月の光がほの青く照らす赤銅色を、灯は黙って見つめていた。
『……いいよ』
「……ありがとう。頼んだ」
ぐっと一層強く、額が押し付けられた。
『せんは、どうするの。りょうにかえる……?』
「……いや、俺もここにいるよ」
『でも、あしたのあさ』
「……会いに行くよ。これはあくまでも俺の……なんつーの、デジャヴ? 予想、みてえなもんだからさ。

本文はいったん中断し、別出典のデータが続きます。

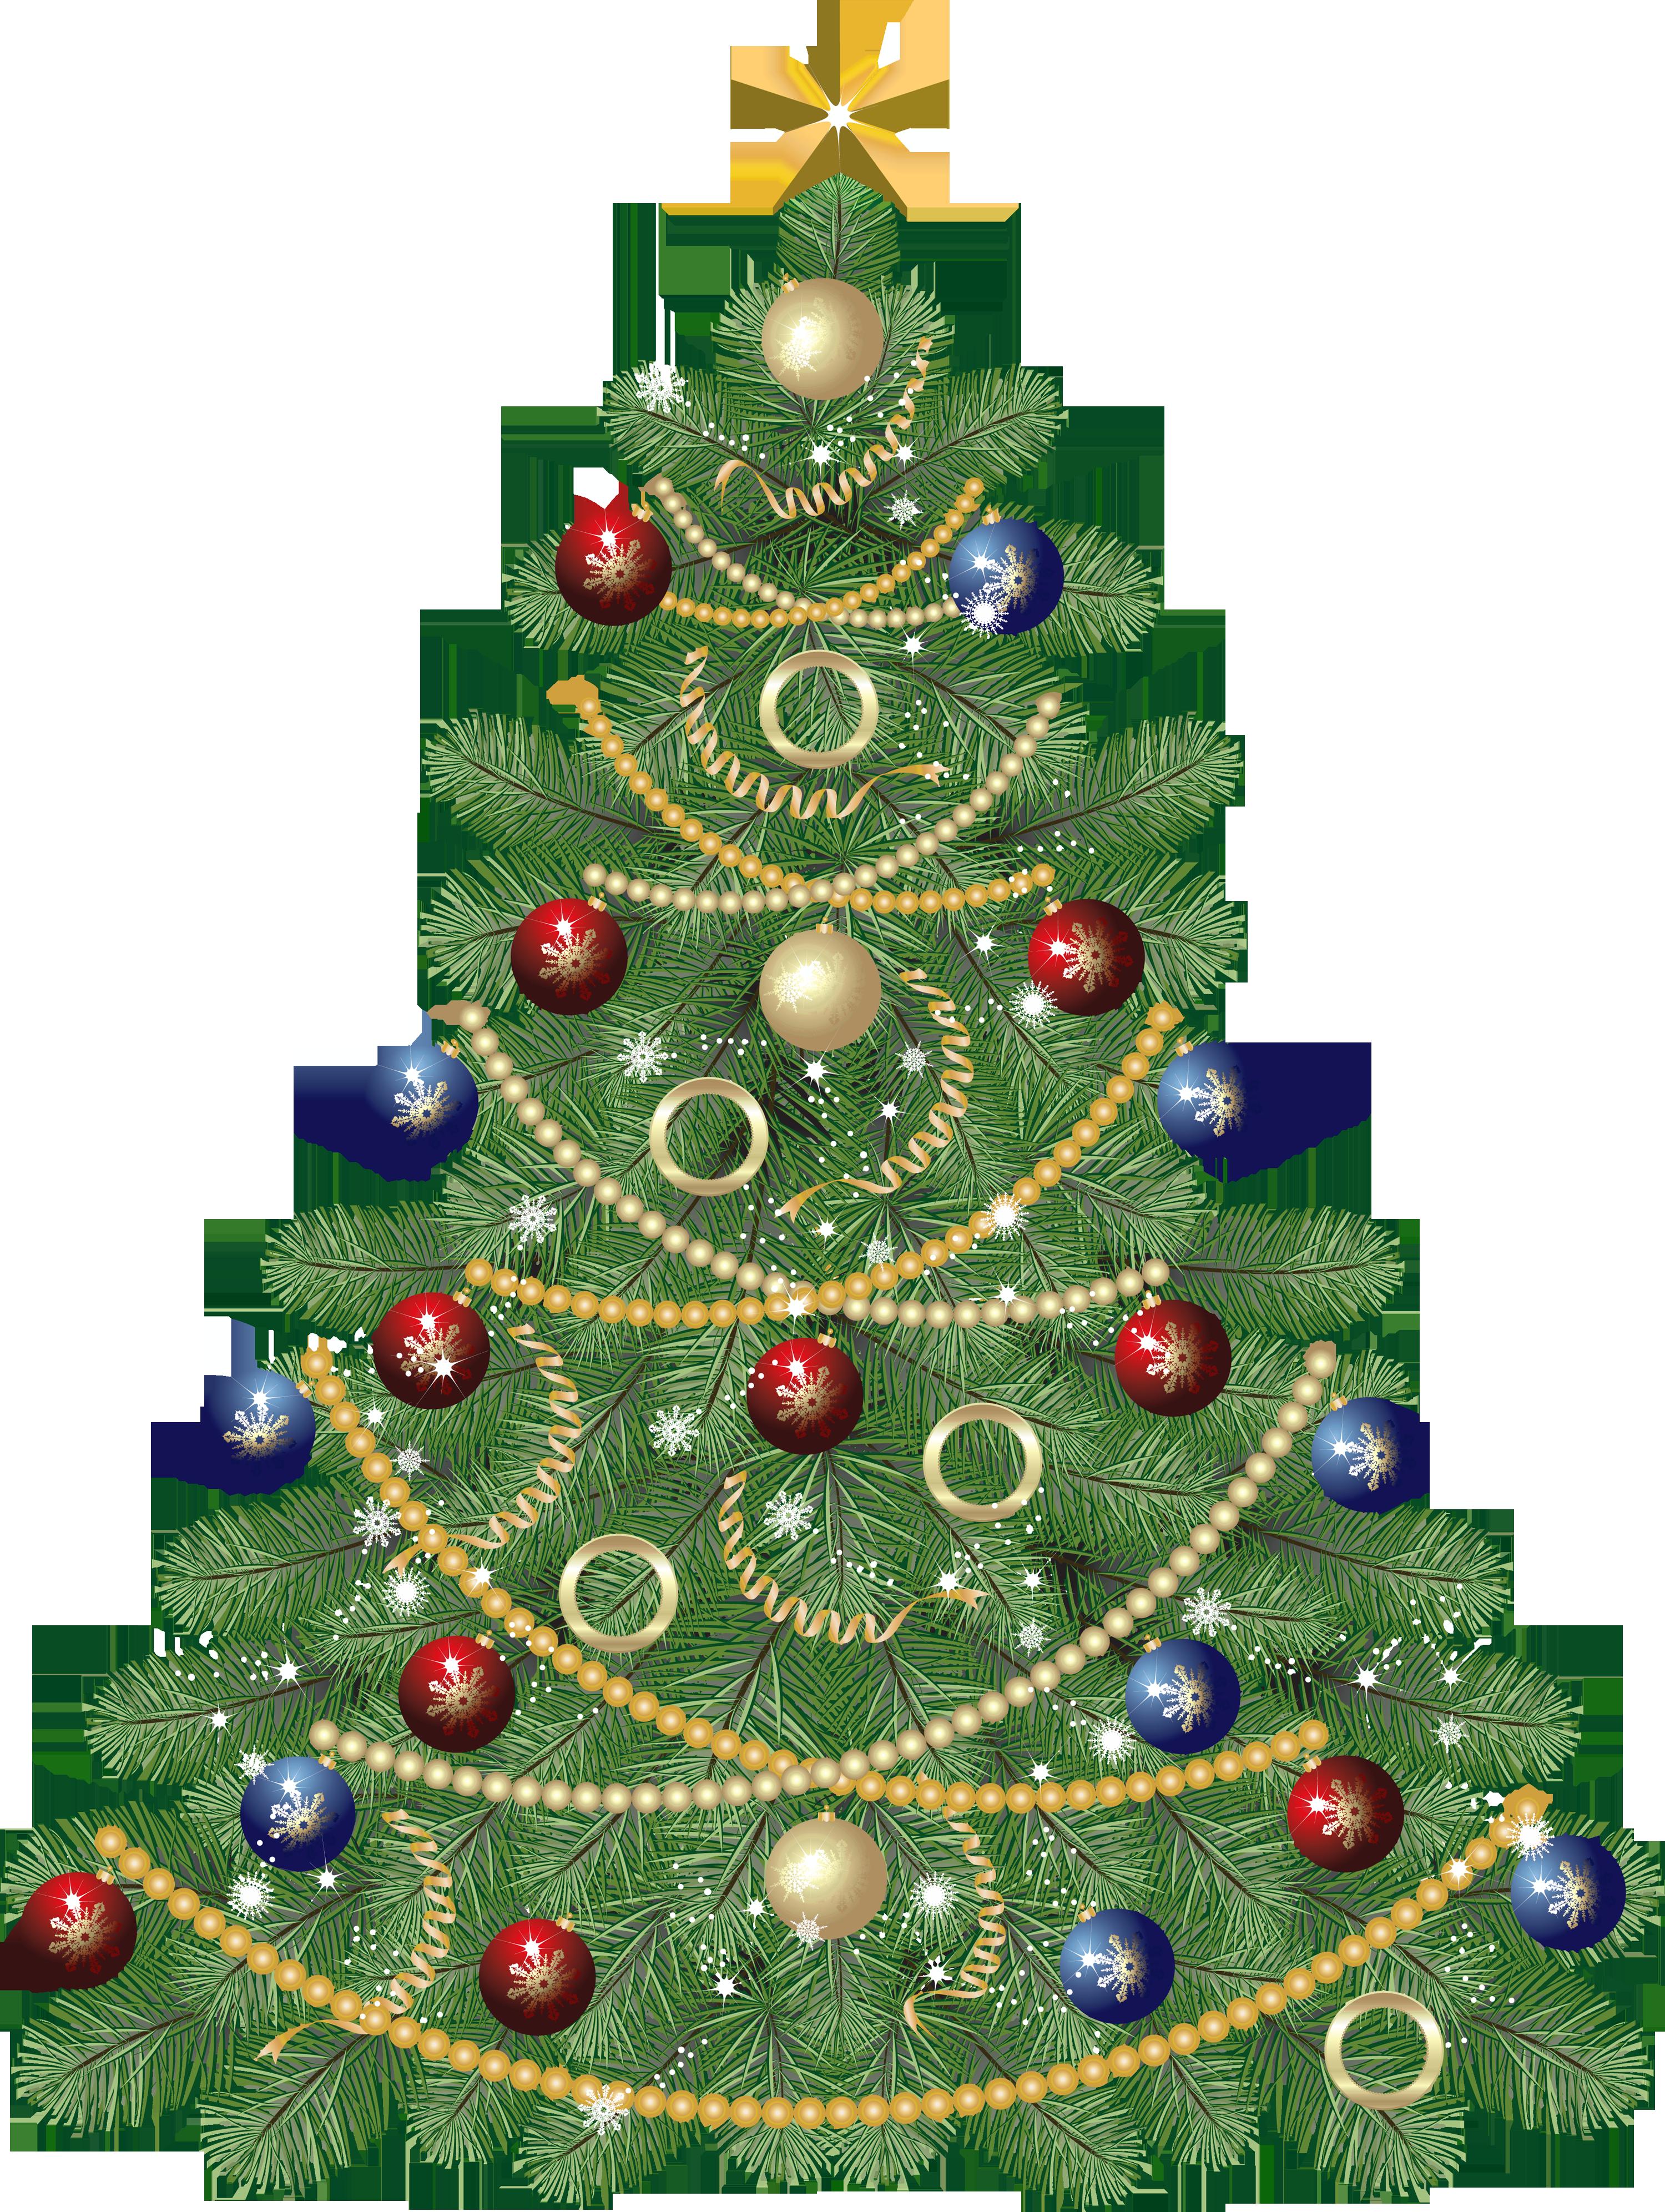 Free christmas tree clipart public domai-Free christmas tree clipart public domain christmas clip art 4-15

……外れれば、外れるならそれに越したことはねえし」
自らに言い聞かせるように、閃は続ける。
「だから、俺は大丈夫だから。……仄の事、止めてやってくれ」
『……でも、おれは、せんのことも、しんぱい』
「大丈夫だよ。…………ありがとな」
そう言って閃は、ゆっくりと顔を上げた。
少し大人びた表情をして、灯の肩をポンポンと軽く叩く。
灯は黙って、その顔をまっすぐ見つめていた。
叩かれていた肩が突如ぎゅっと、痛いほど強く掴まれる。
「ダメだな……おれ、まだ大人になりきれねえや…………っ」
もう一度強く押し付けられた頭が震え、灯の肩が濡れていく。
灯は微動だにしないまま、ただ強く、唇を嚙みしめる事しかできなかった。